Erweiterte und multiviszerale Eingriffe beim fortgeschrittenen Schilddrüsenkarzinom
von Rudolf Roka
Die Herausforderung bei der Chirurgie organüberschreitender Schilddrüsenkarzinome (OSC) liegt im adäquaten Resektionsausmaß um sowohl der Radikalität als auch dem Funktionserhalt gerecht zu werden. OSC weisen einen eklatant höheren Prozentsatz an histologisch aggressiven Formen auf. Die Häufigkeit liegt zwischen 4% und 7% scheint jedoch in letzter Zeit durch die hohe Rate präventiver Eingriffe zurückzugehen.
Therapeutisch anspruchsvoll ist die Infiltration in Trachea, Larynx, Hypopharynx, Ösophagus und die großen Gefäße. Die häufigste Form des OSC in den Larynx ist das An- oder Umwachsen des Nervus laryngeus recurrens, zumeist nahe seiner Einmündung in die Larynxmuskulatur.
- Bei intaktem Nerven sollte ein “Shaving” durchgeführt werden, wenn eine makroskopisch vollständige Tumorentfernung möglich ist. Eine anschließende Radio-Jod-Therapie bei differenziertem OSC ist obligat.
- Ist der Nerv bereits funktionslos ist eine Neurolyse nicht erfolgreich und der Nerv sollte reseziert werden. Die Infiltration der Trachealwand, vor allem jedoch die intramurale Tumorausbereitung ist nicht abschätzbar. Das bedeutet, dass ein „Shaving“ nur bei ganz oberflächlicher Adhärenz des Tumors zur Anwendung kommen sollte. Onkologisch am verlässlichsten ist somit die Vollwandresektion, vor allem als Querresektion. Aufgrund des Operationsrisikos ist ein derartiger Eingriff in Zusammenschau mit folgenden Faktoren abzuwägen: Allgemeinzustand, Alter und Lebenserwartung des Patienten, Histologie, Grading und Tumorstadium. Bei differenziertem OSC beträgt die Latenzzeit zwischen (inkomplettem) Shaving und therapiepflichtigem Lokalrezidiv im Mittel 67 Monate.

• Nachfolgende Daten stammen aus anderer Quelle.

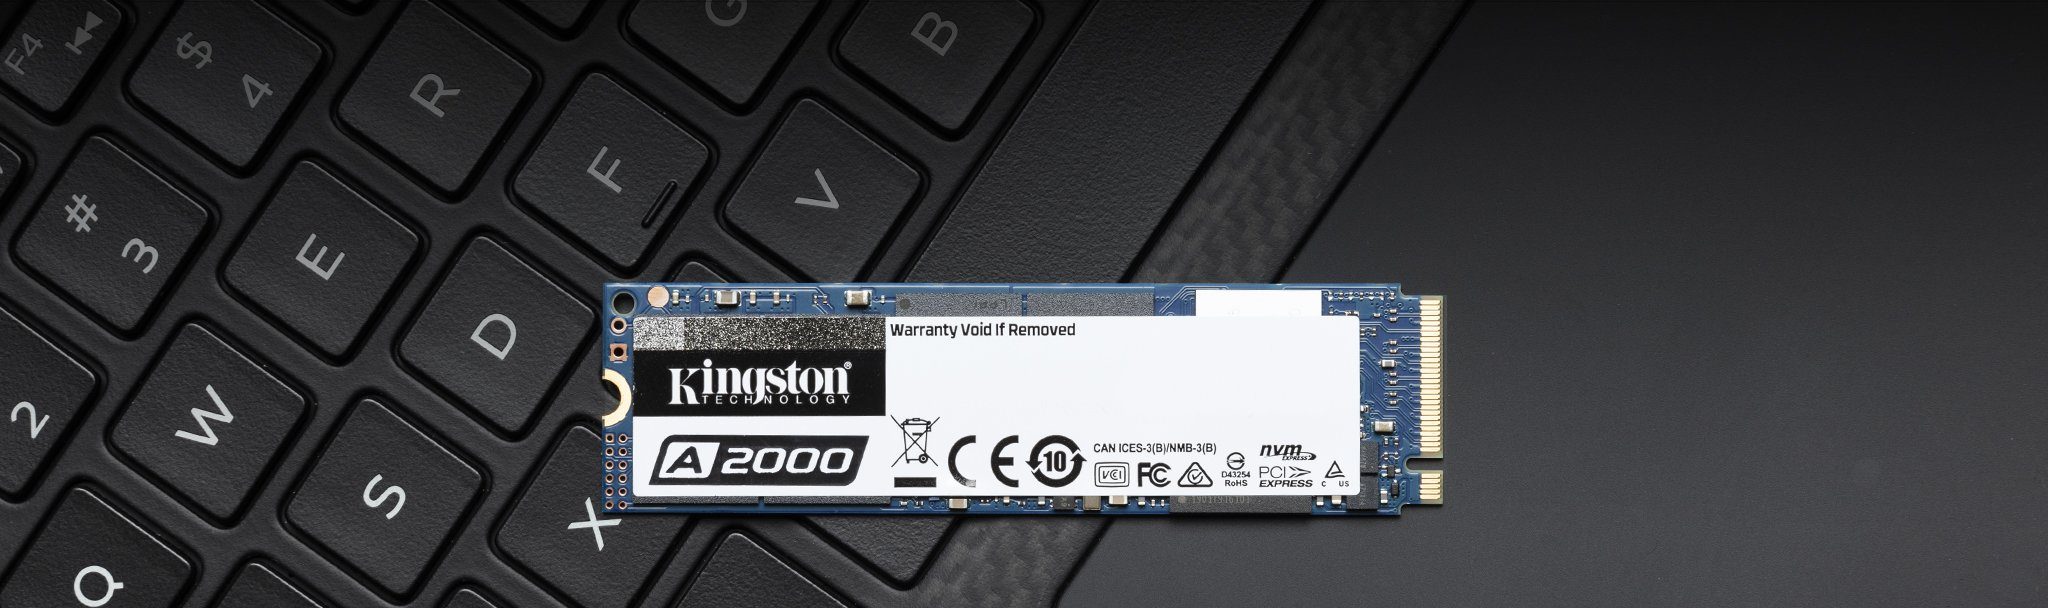 SSD NVme Kingston A2000, Performa Tinggi Harga Terjangkau.

Nahtverschlüsse an Hypopharynx und Ösophagus sind aufgrund mangelnder Mobilisierungsmöglichkeiten Dehiszenz-gefährdet. Größere transmurale Defekte erfordern die Rekonstruktion mit frei transplantiertem Jejunum. Während die großen Venen relativ häufig von Tumor infiltriert sein können und entweder reseziert (Vena jugularis interna) oder rekonstruiert (Vena subclavia, Vena cava) werden, sind Arterien nur ausnahmsweise betroffen bzw. die Resektion/Rekonstruktion selten indiziert. Als Zugang zum Mediastinum eignet sich bei Prozessen im Mittelfeld die partielle oder totale Sternotomie, bei Prozessen im lateralen Mediastinum die partielle Sternotomie mit Verlängerung in den Interkostalraum der betroffenen Seite.